- Data below
--*--

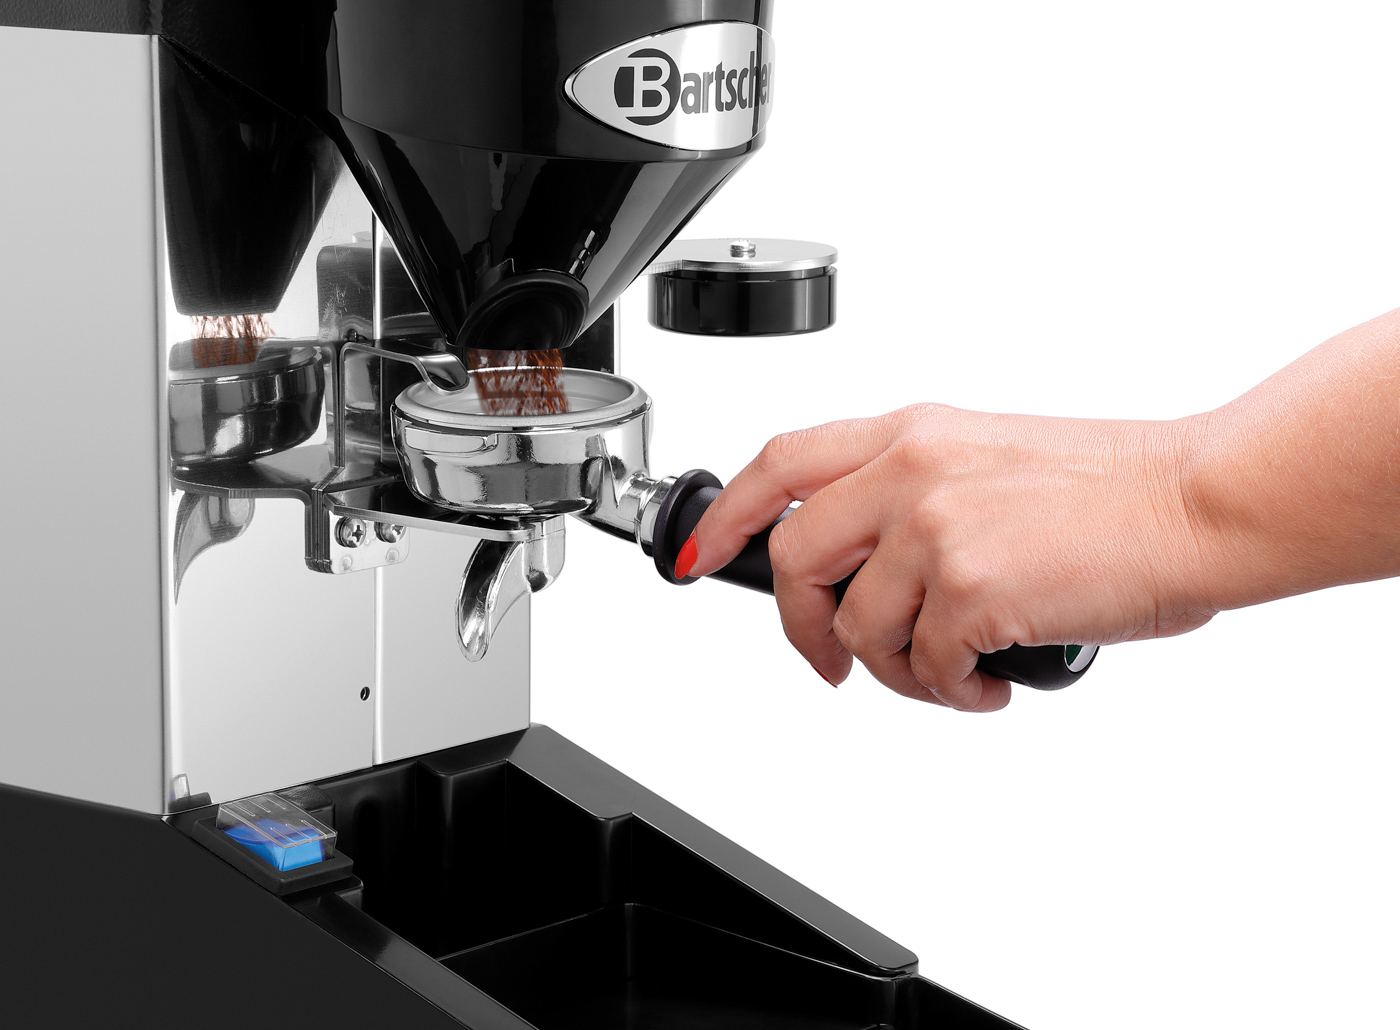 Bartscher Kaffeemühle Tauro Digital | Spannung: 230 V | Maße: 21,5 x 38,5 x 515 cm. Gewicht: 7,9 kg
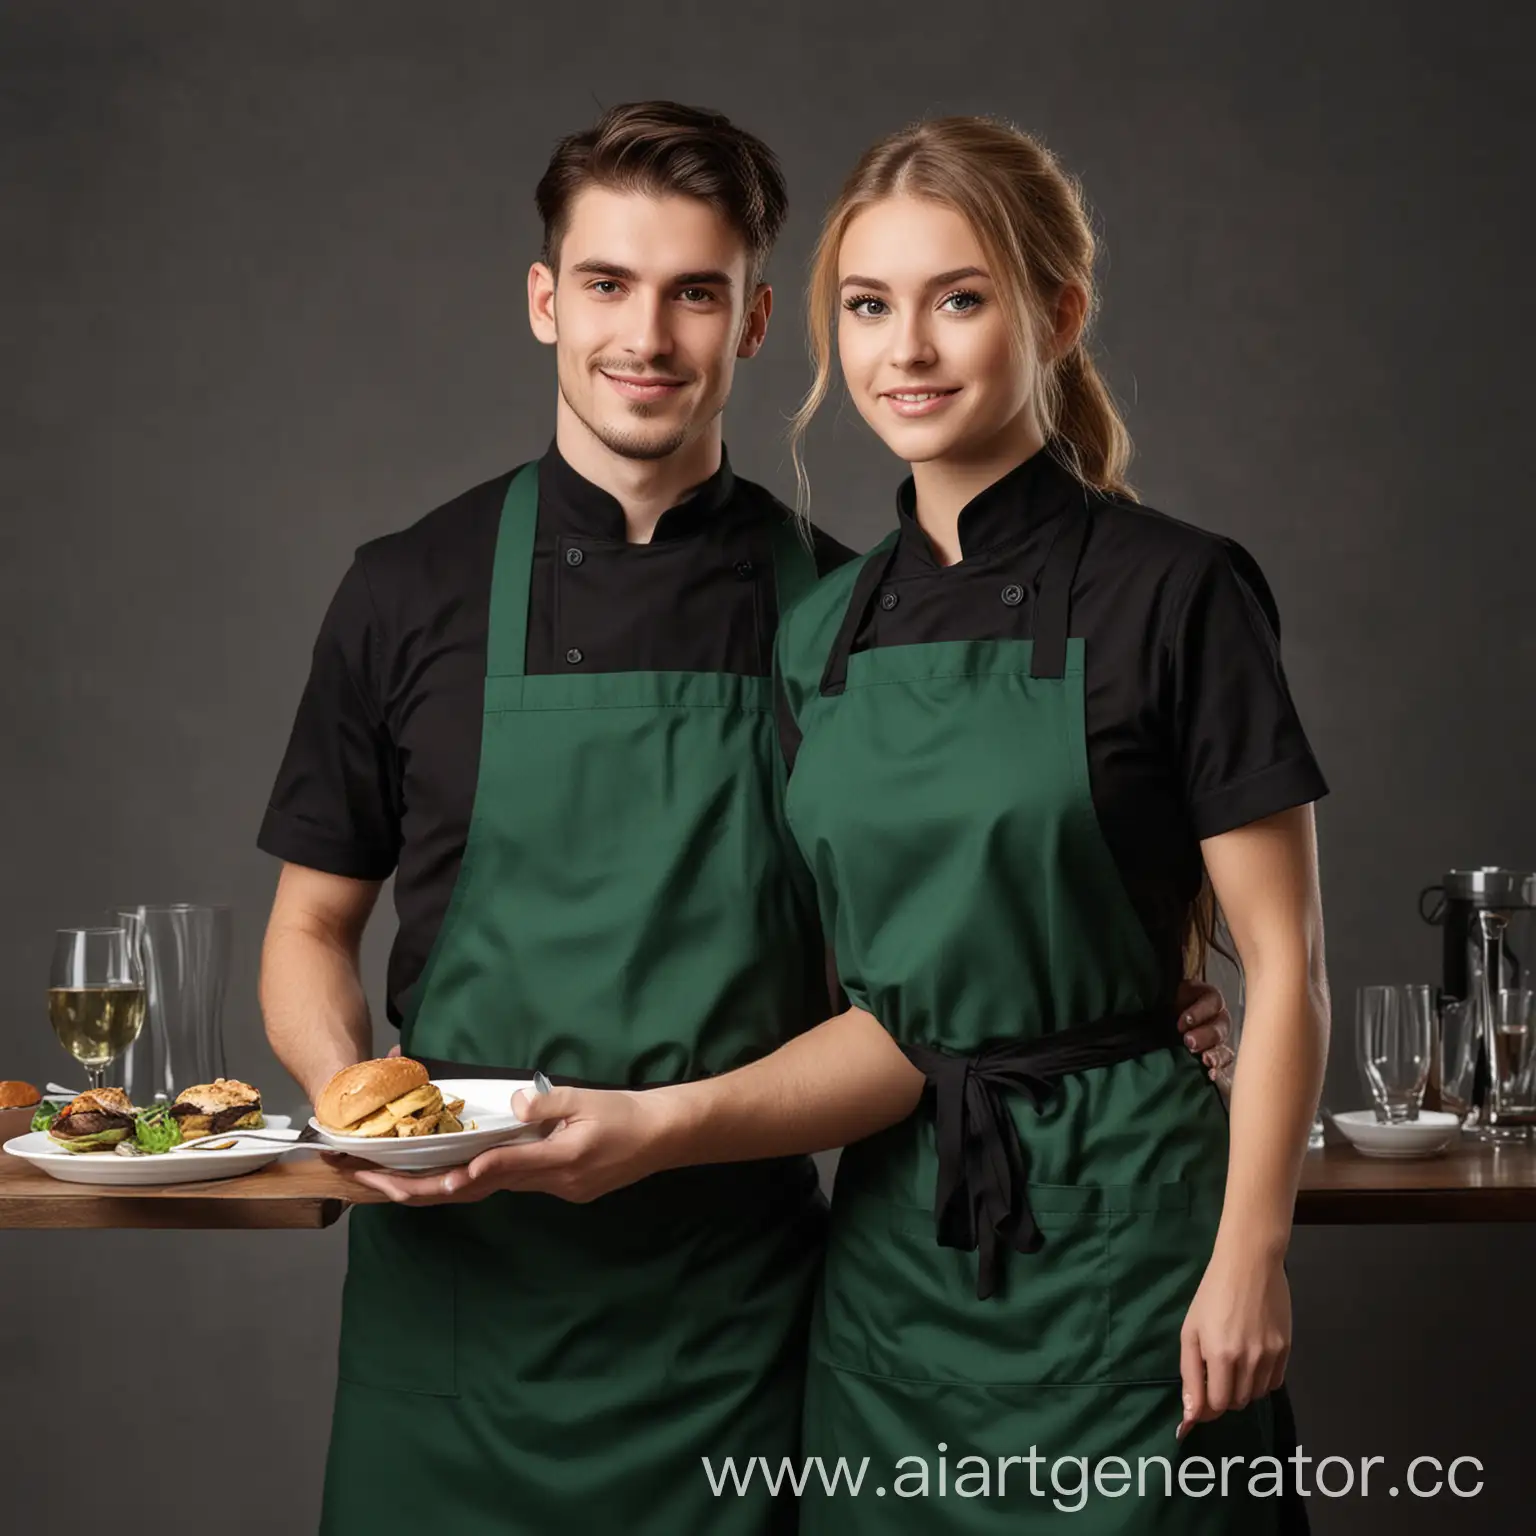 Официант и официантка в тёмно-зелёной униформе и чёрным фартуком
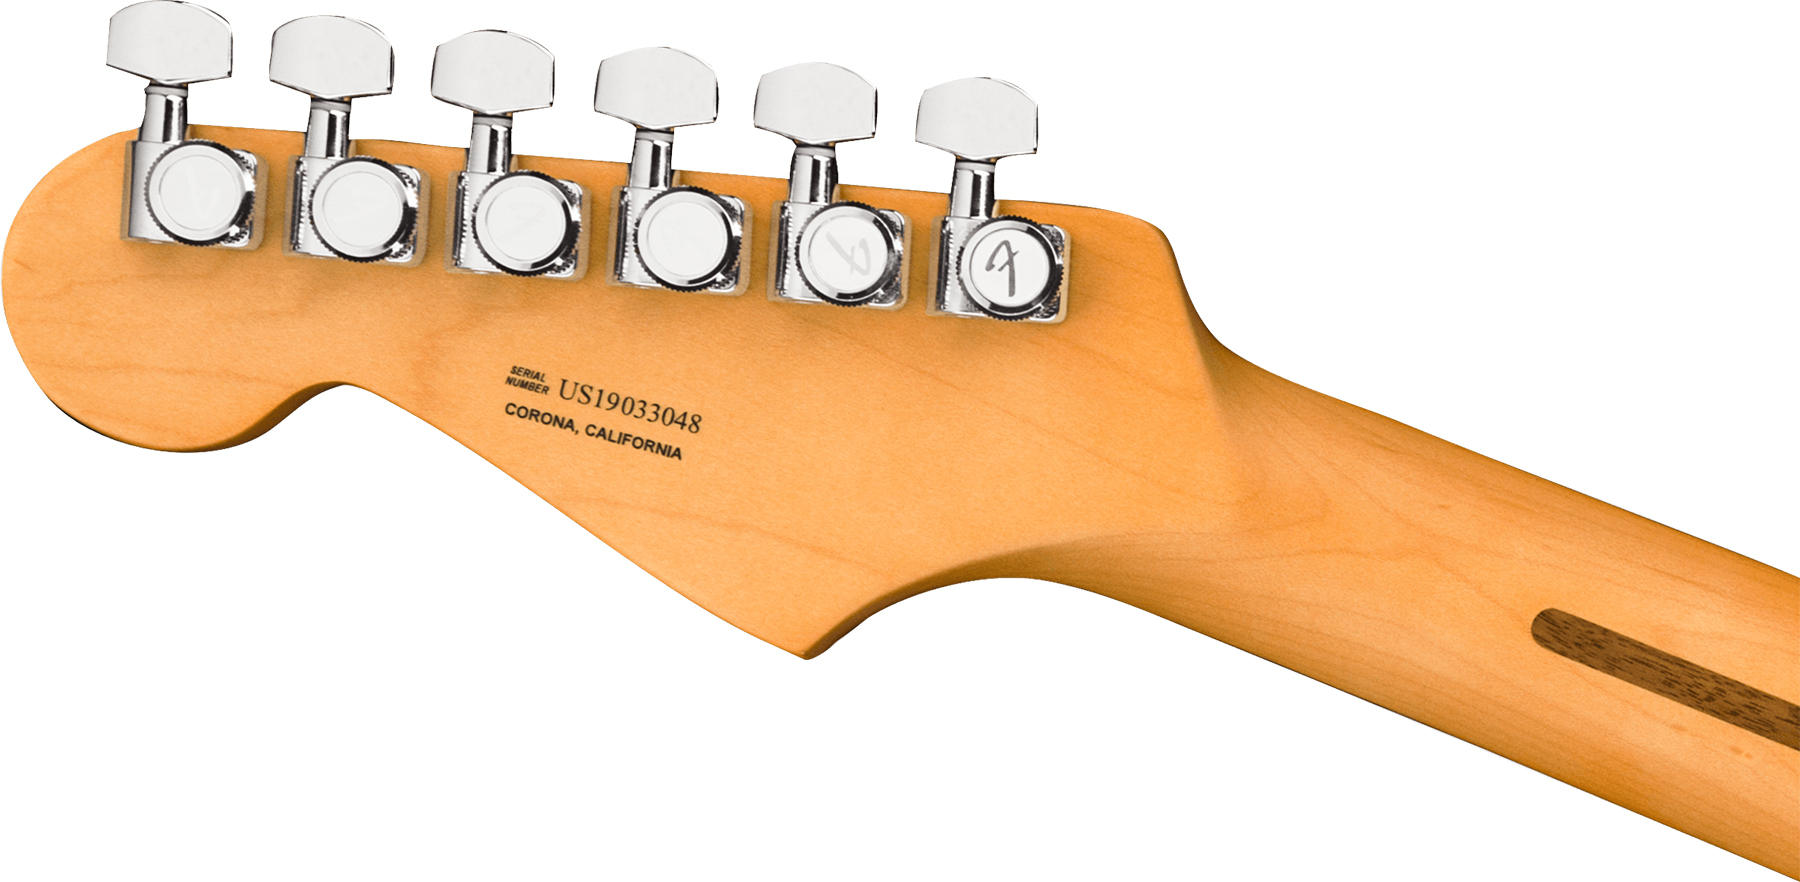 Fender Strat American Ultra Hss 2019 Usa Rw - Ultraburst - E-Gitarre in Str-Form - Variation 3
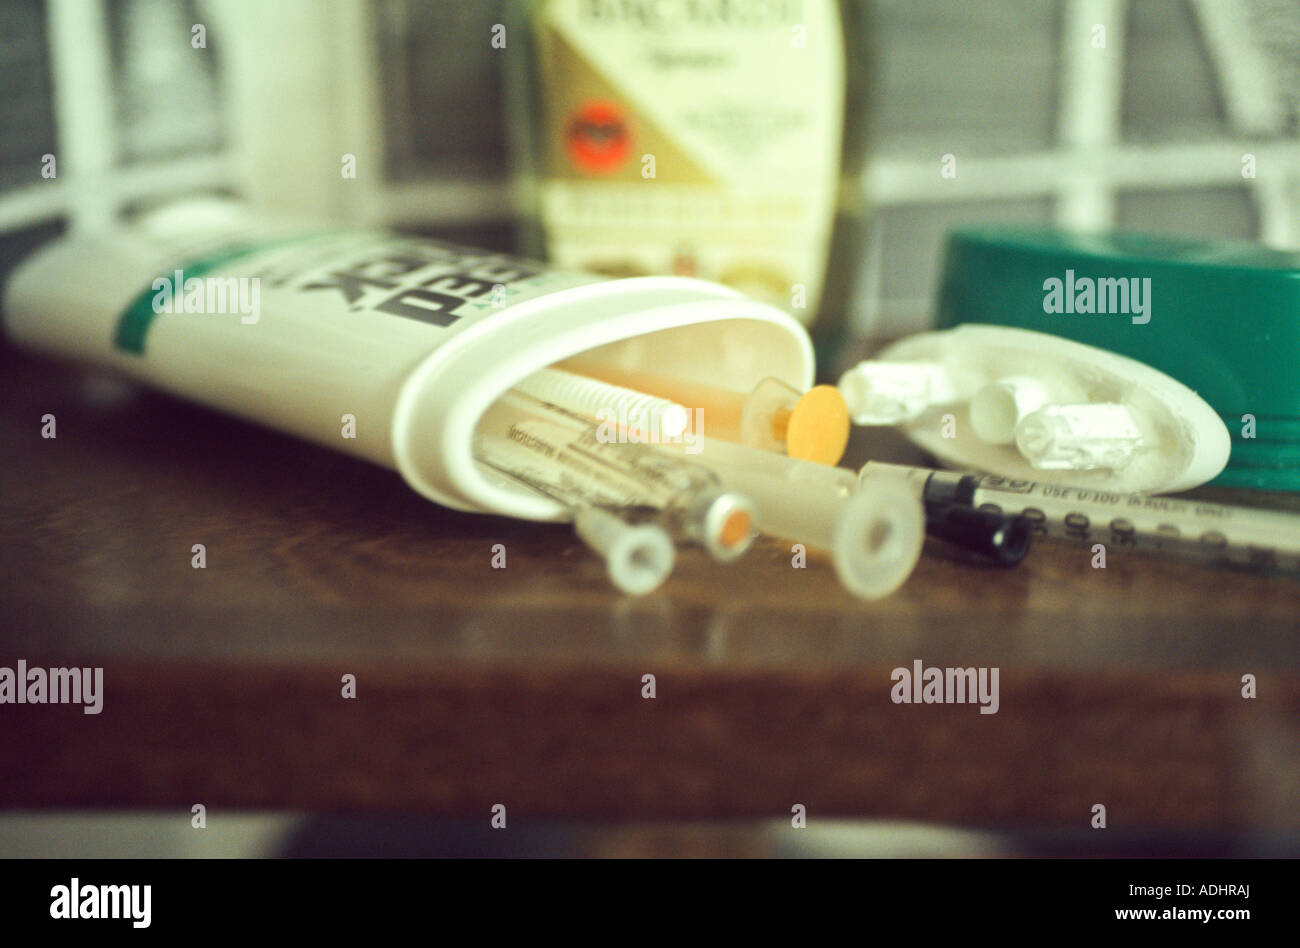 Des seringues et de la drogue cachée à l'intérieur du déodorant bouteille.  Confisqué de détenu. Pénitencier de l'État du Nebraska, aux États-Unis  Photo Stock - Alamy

--*--

- Task requirements
Leaving the images out, retype all the material above exactly.

- Reply to the exercise
 Bartscher Kaffeemühle Tauro Digital | Spannung: 230 V | Maße: 21,5 x 38,5 x 515 cm. Gewicht: 7,9 kg
 Официант и официантка в тёмно-зелёной униформе и чёрным фартуком
 Fender Strat American Ultra Hss 2019 Usa Rw - Ultraburst - E-Gitarre in Str-Form - Variation 3
 Des seringues et de la drogue cachée à l'intérieur du déodorant bouteille.  Confisqué de détenu. Pénitencier de l'État du Nebraska, aux États-Unis  Photo Stock - Alamy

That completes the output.